*What is required:*
Write the listing out again word for word, skipping each picture.

*Collected data:*
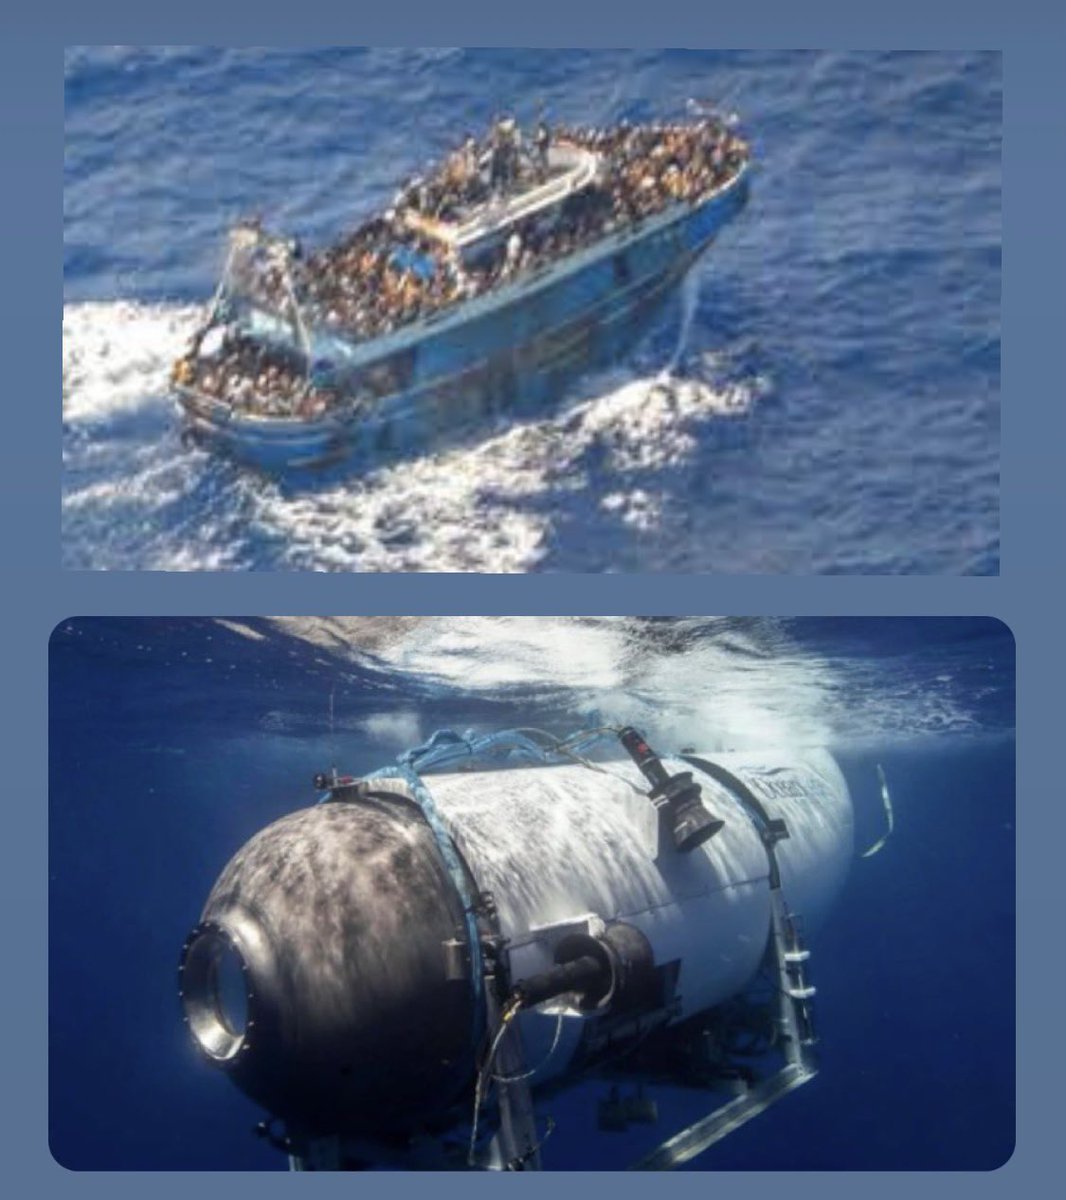 Yüzlerce araç gereç teknoloji, yardım kuruluşu okyanusta denizaltıyla kaybolan 5 zengini arıyor.Aynı hafta Yunanistan’da 750 kişilik mülteci botu battı 100’e yakın insan hayatta kalabildi. Dünyadan kimseden ses çıkmadı.Avrupa kılını bile kıpırdatmıyor, sorumluluk hissetmiyor.
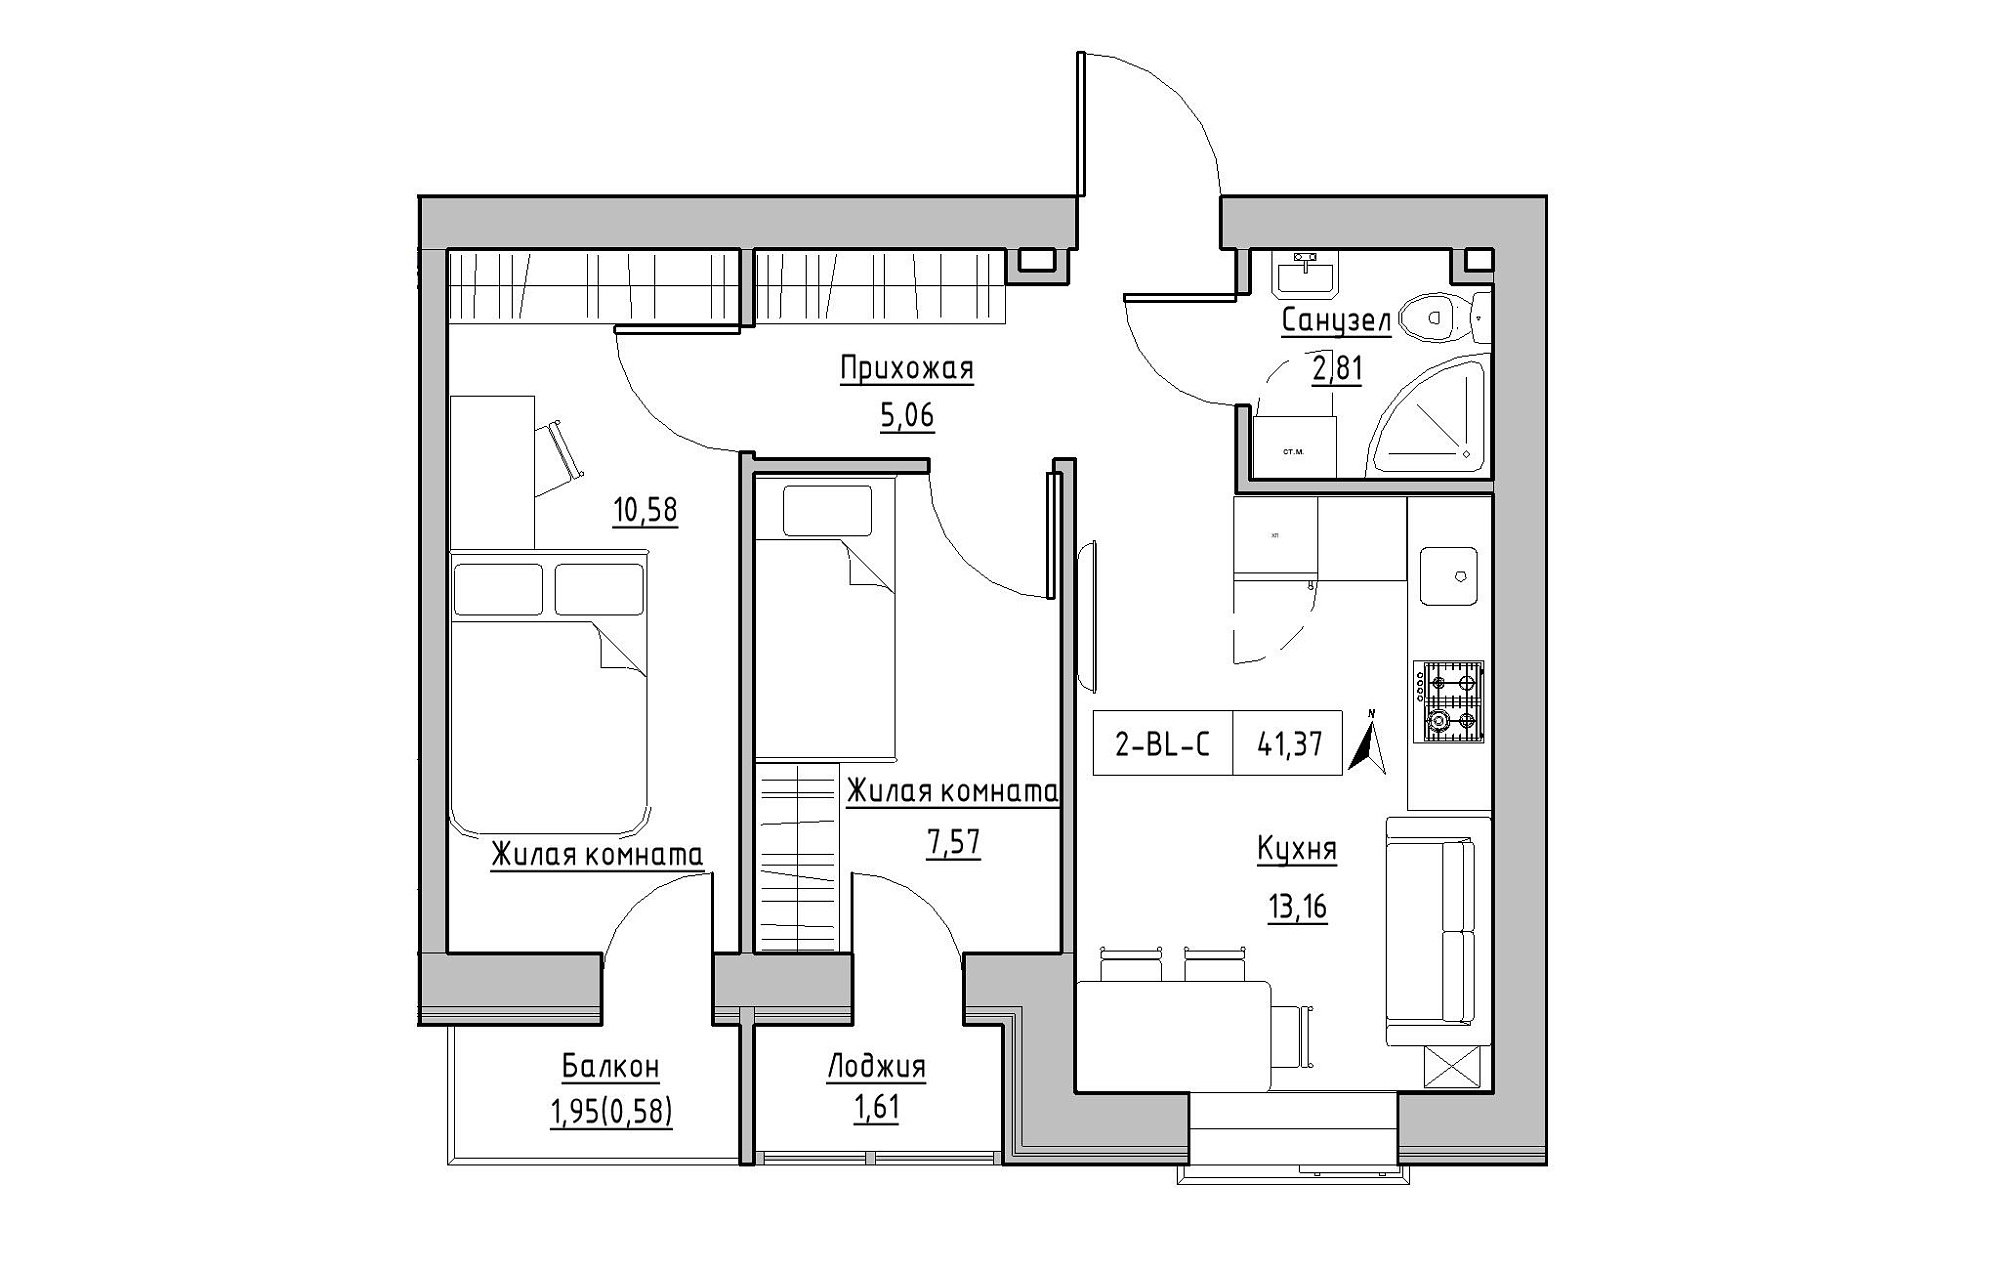 Планировка 2-к квартира площей 41.37м2, KS-019-02/0011.
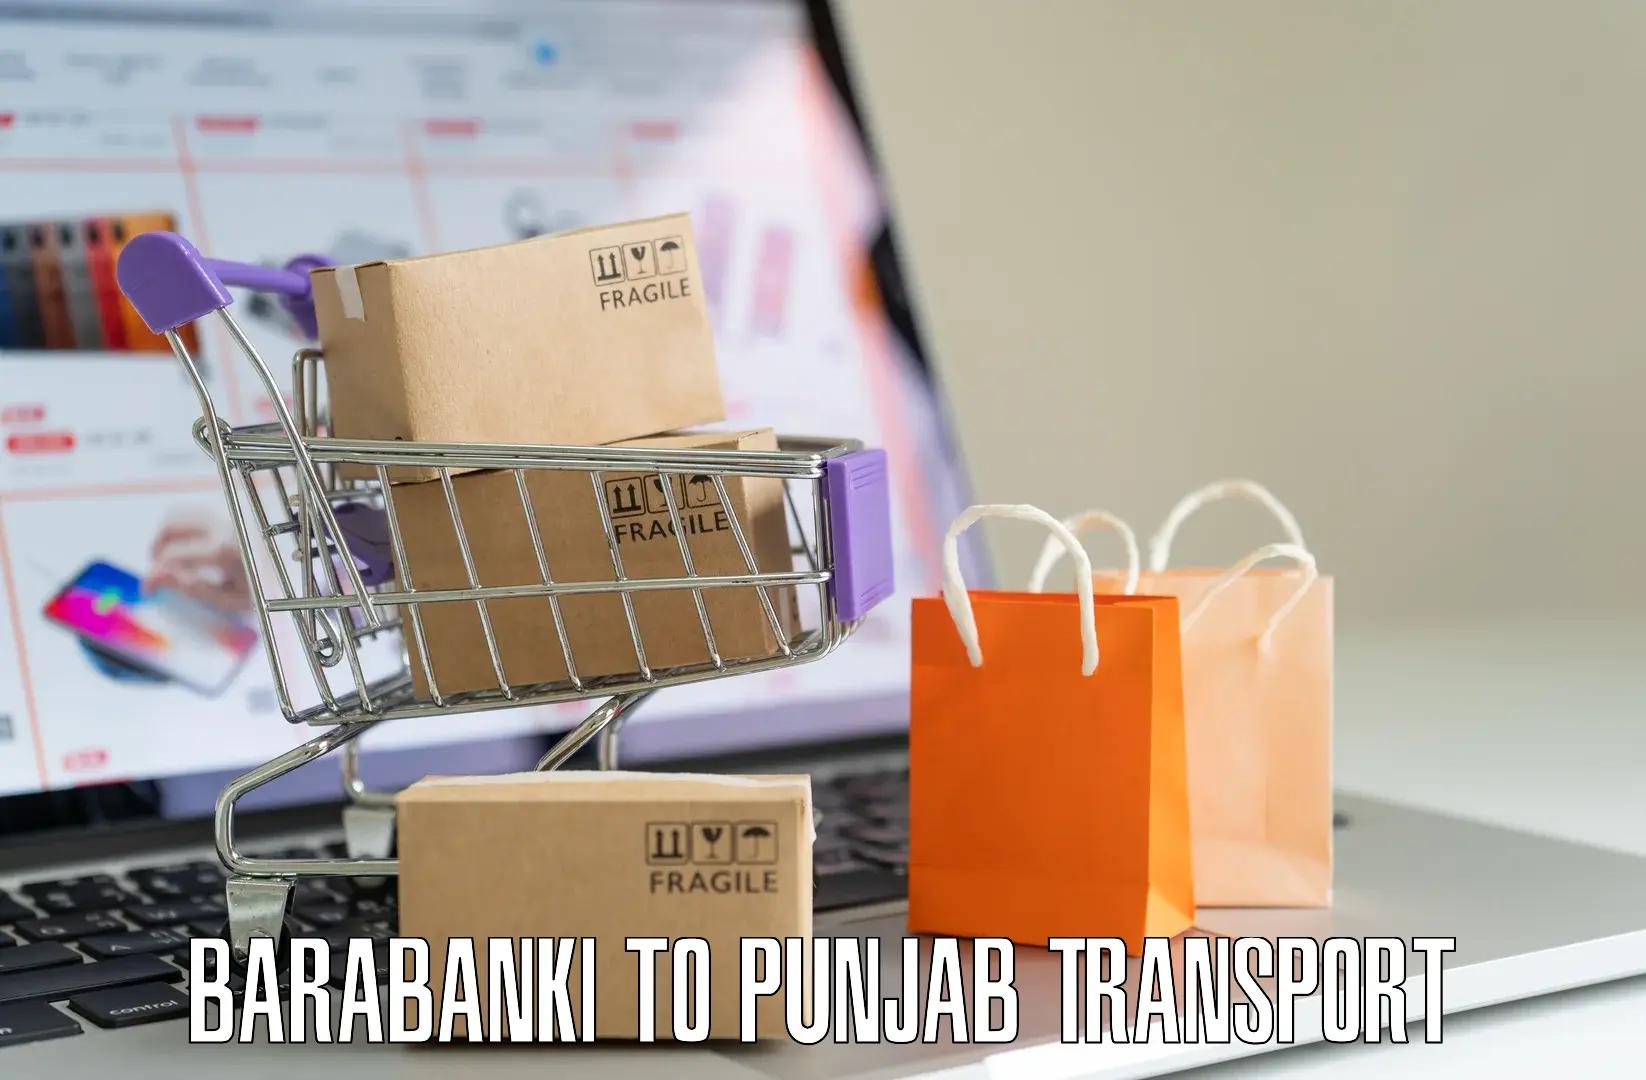 Transport in sharing Barabanki to NIT Jallandhar
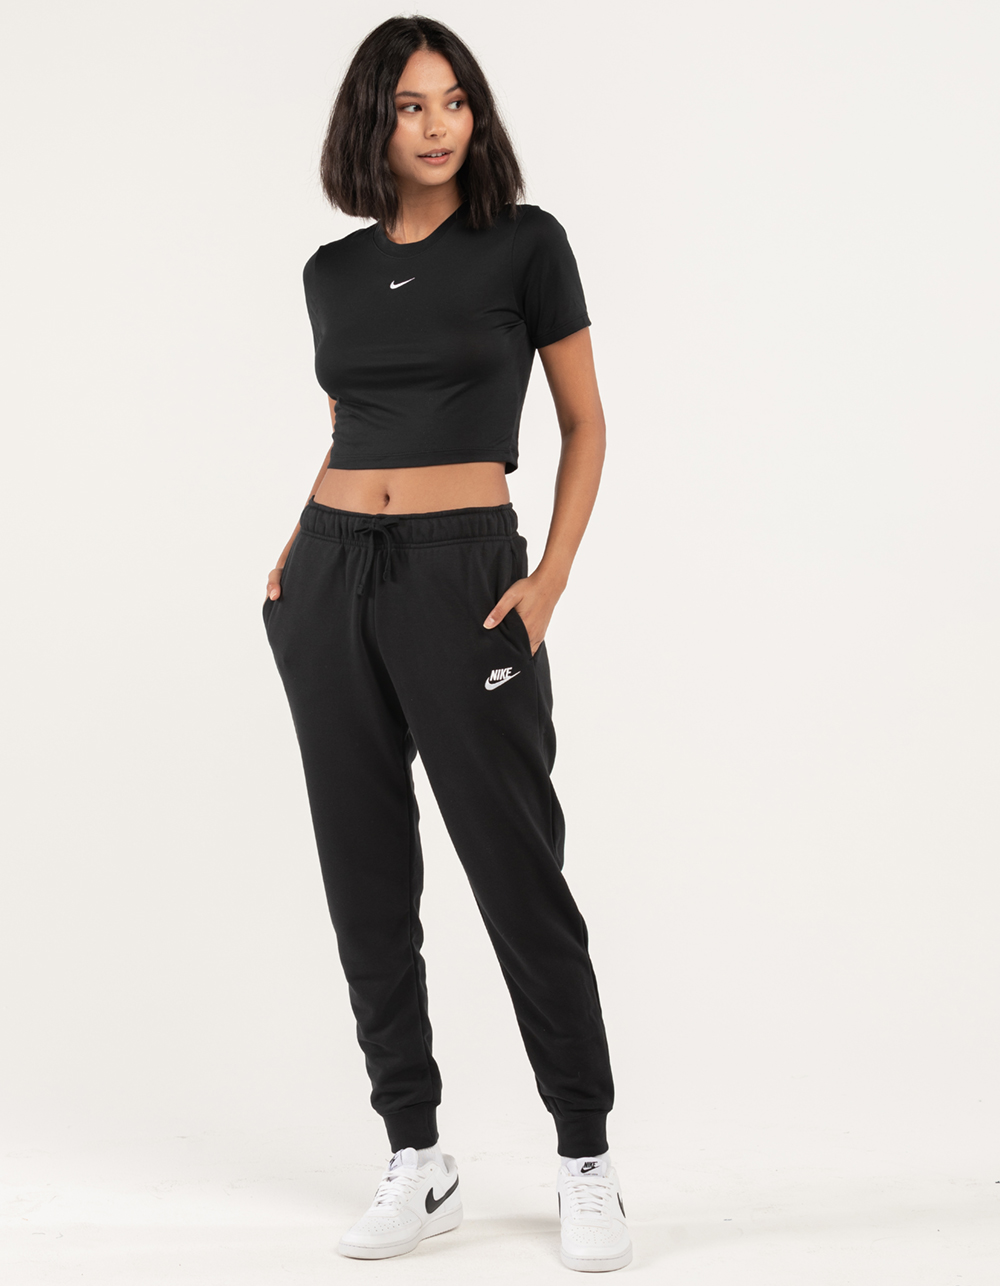 NIKE Sportswear Club Womens Fleece Sweatpants - BLACK

*Problem solution:*
 Yüzlerce araç gereç teknoloji, yardım kuruluşu okyanusta denizaltıyla kaybolan 5 zengini arıyor.Aynı hafta Yunanistan’da 750 kişilik mülteci botu battı 100’e yakın insan hayatta kalabildi. Dünyadan kimseden ses çıkmadı.Avrupa kılını bile kıpırdatmıyor, sorumluluk hissetmiyor.
 Планировка 2-к квартира площей 41.37м2, KS-019-02/0011.
 Transport in sharing Barabanki to NIT Jallandhar
 NIKE Sportswear Club Womens Fleece Sweatpants - BLACK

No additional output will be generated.